* [Task directions]
Give back every line of the data exactly. Pictures are not part of the copy.

[Data extract Boundary: Start]

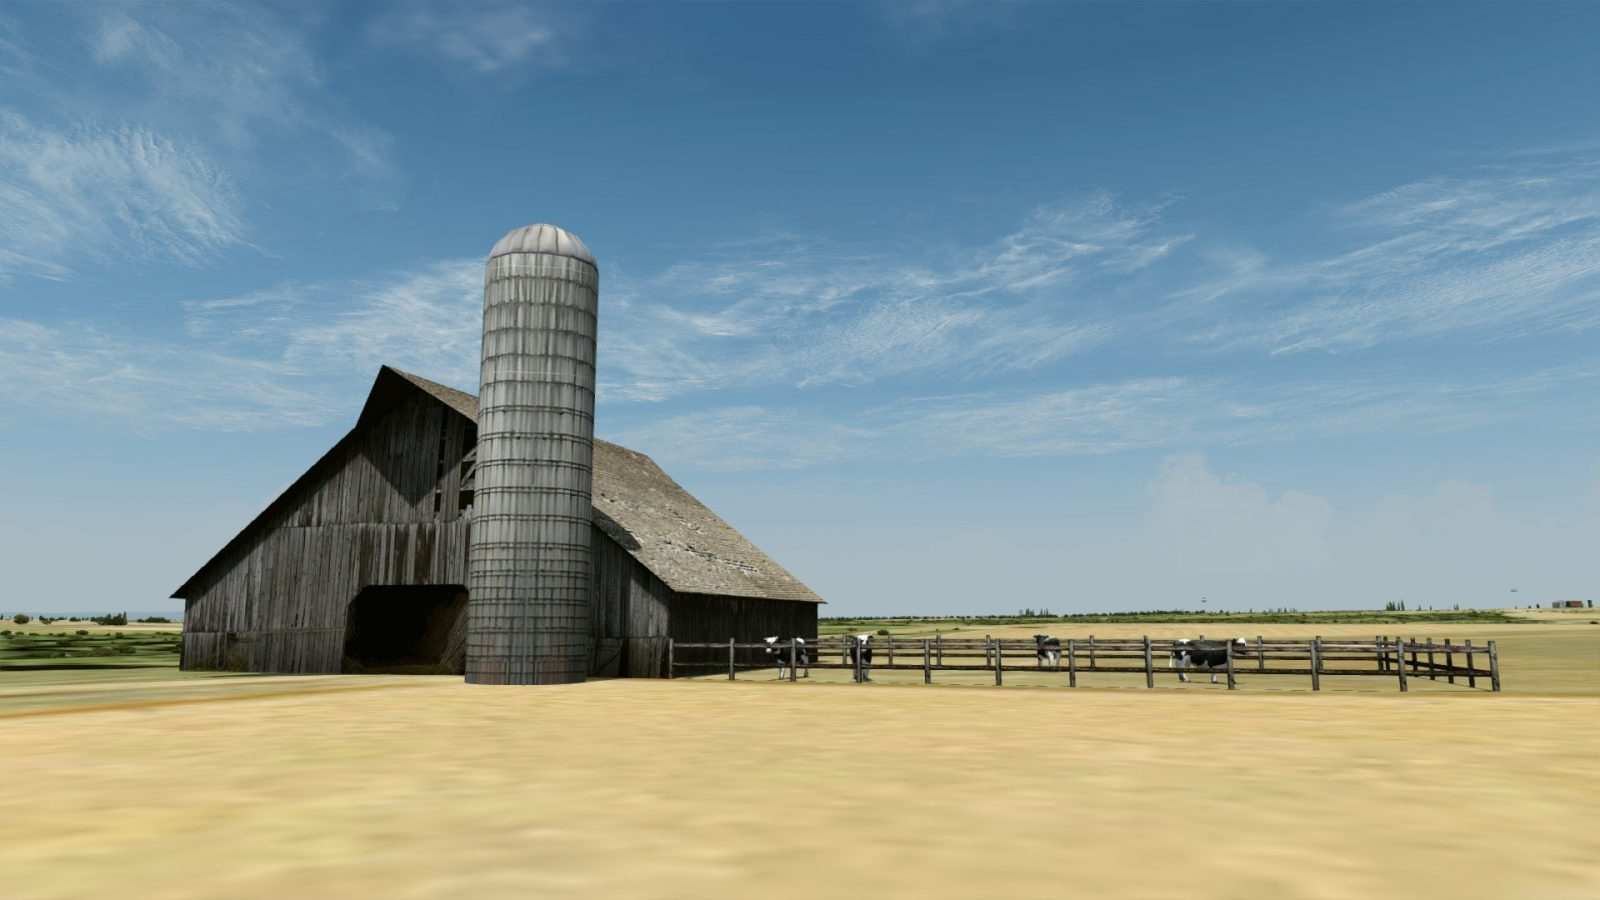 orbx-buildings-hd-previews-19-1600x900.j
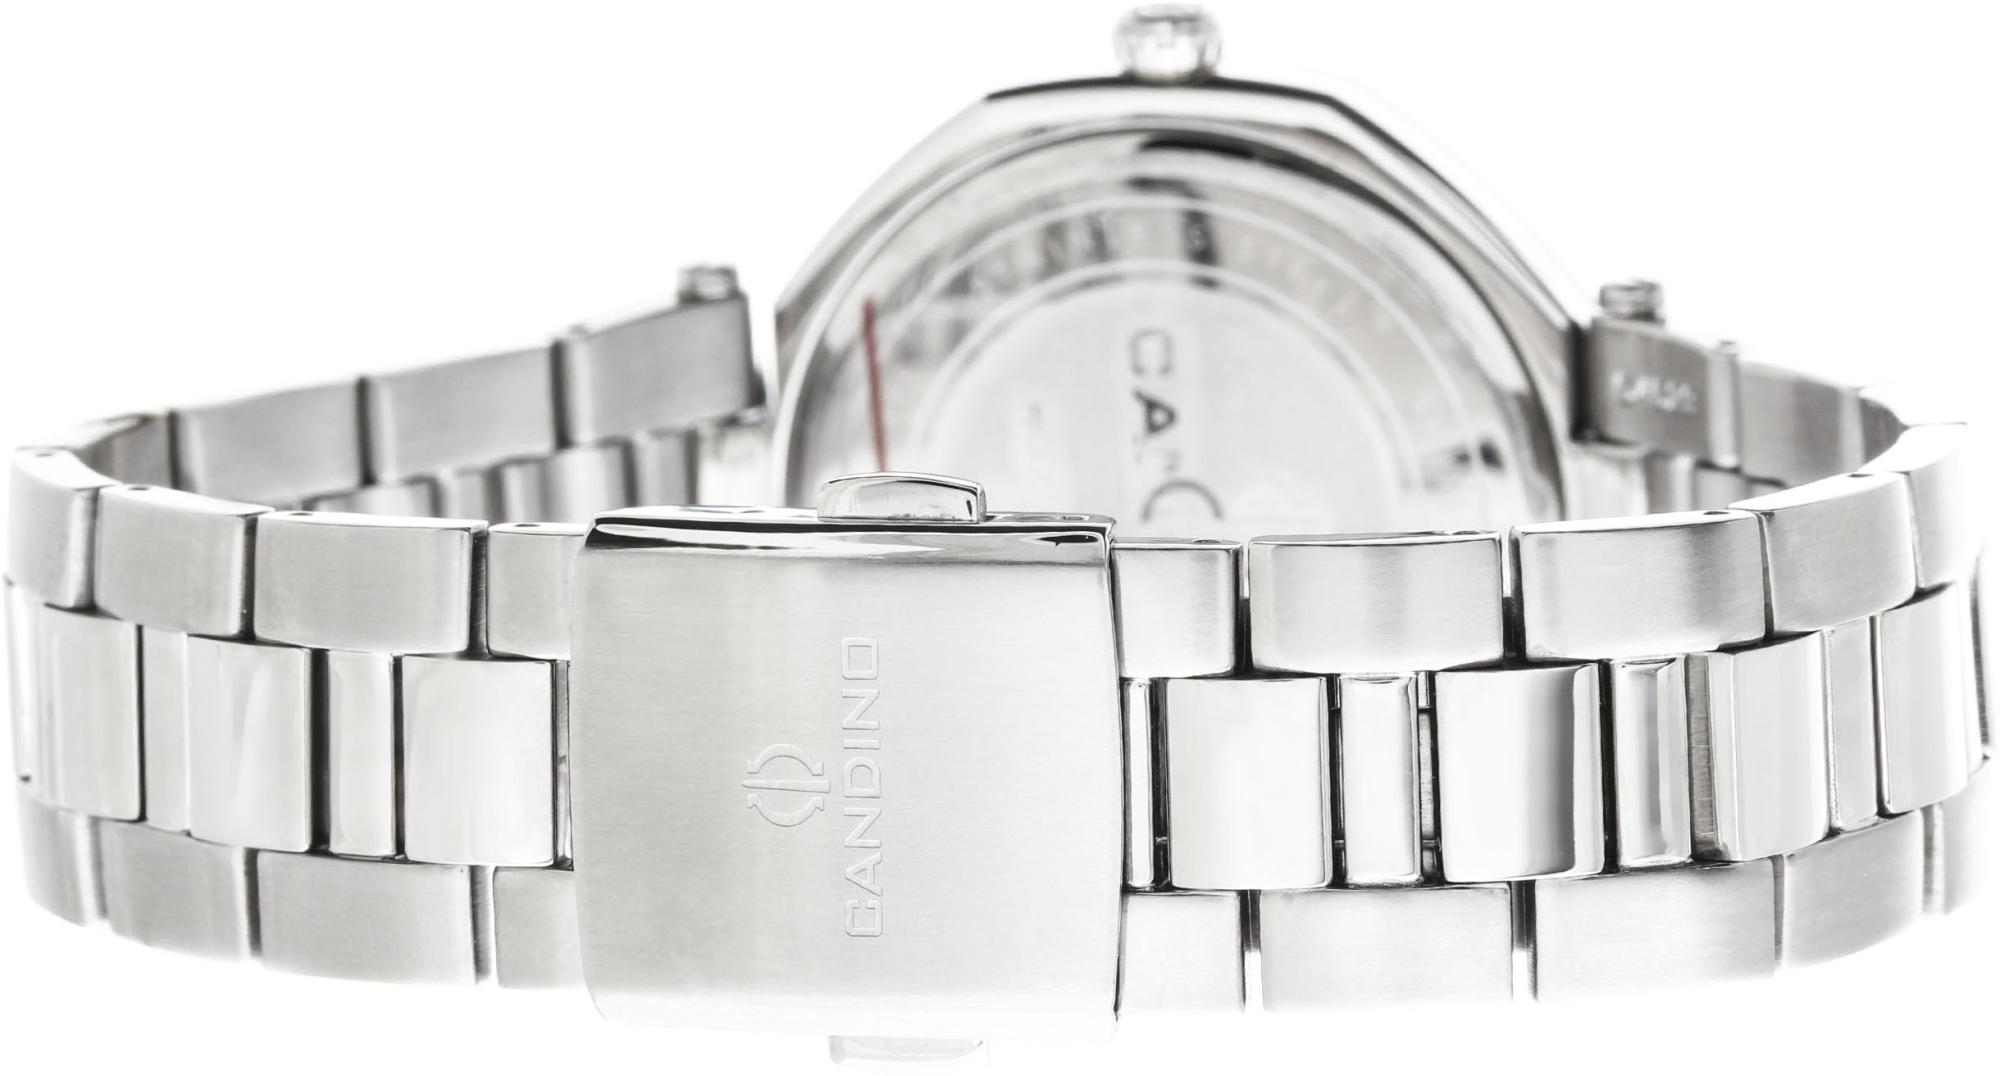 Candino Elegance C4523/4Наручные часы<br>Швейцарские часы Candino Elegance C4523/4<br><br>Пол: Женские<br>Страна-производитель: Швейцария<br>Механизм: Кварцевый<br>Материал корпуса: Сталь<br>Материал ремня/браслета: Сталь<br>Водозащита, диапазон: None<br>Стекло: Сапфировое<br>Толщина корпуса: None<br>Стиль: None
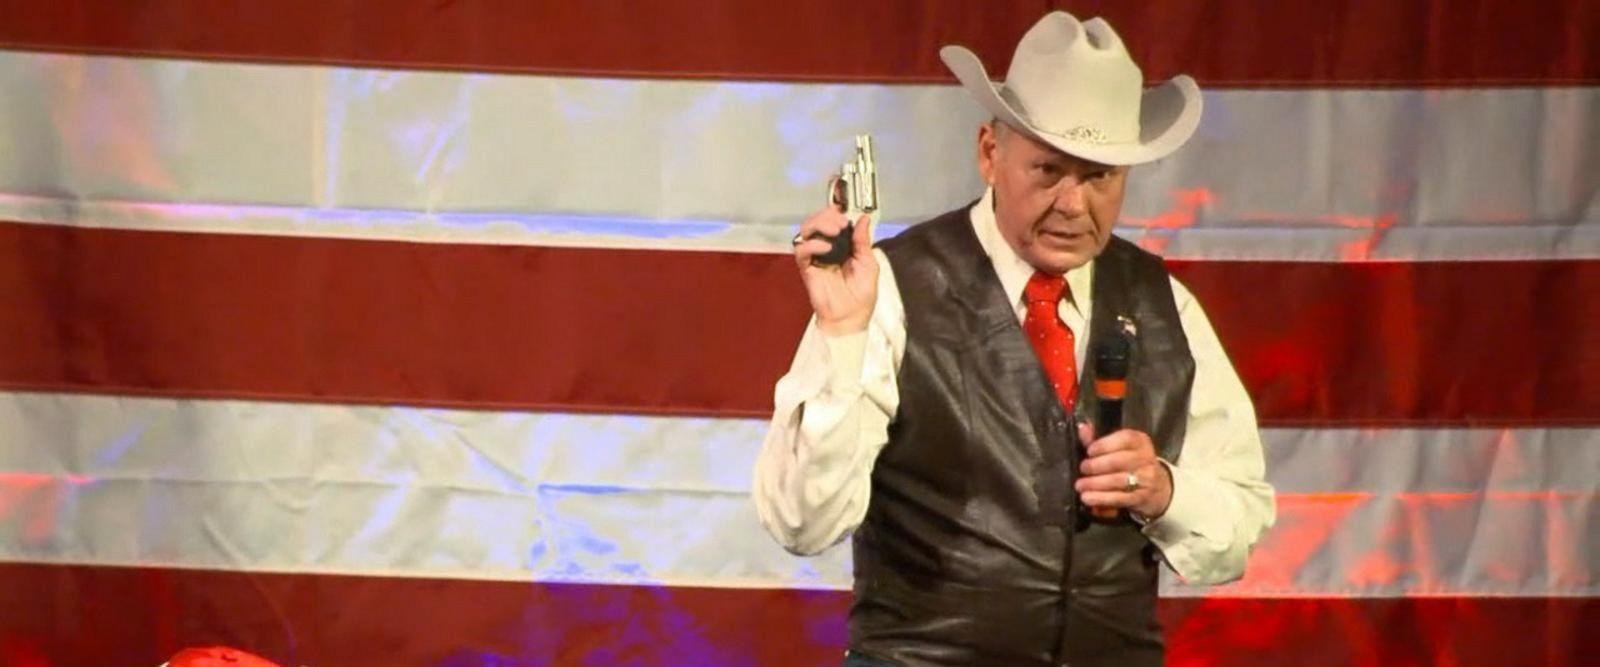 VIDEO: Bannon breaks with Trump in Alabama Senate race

[Data extract Boundary: End]

* [Response area]
 orbx-buildings-hd-previews-19-1600x900.j
 Candino Elegance C4523/4Наручные часы<br>Швейцарские часы Candino Elegance C4523/4<br><br>Пол: Женские<br>Страна-производитель: Швейцария<br>Механизм: Кварцевый<br>Материал корпуса: Сталь<br>Материал ремня/браслета: Сталь<br>Водозащита, диапазон: None<br>Стекло: Сапфировое<br>Толщина корпуса: None<br>Стиль: None
 VIDEO: Bannon breaks with Trump in Alabama Senate race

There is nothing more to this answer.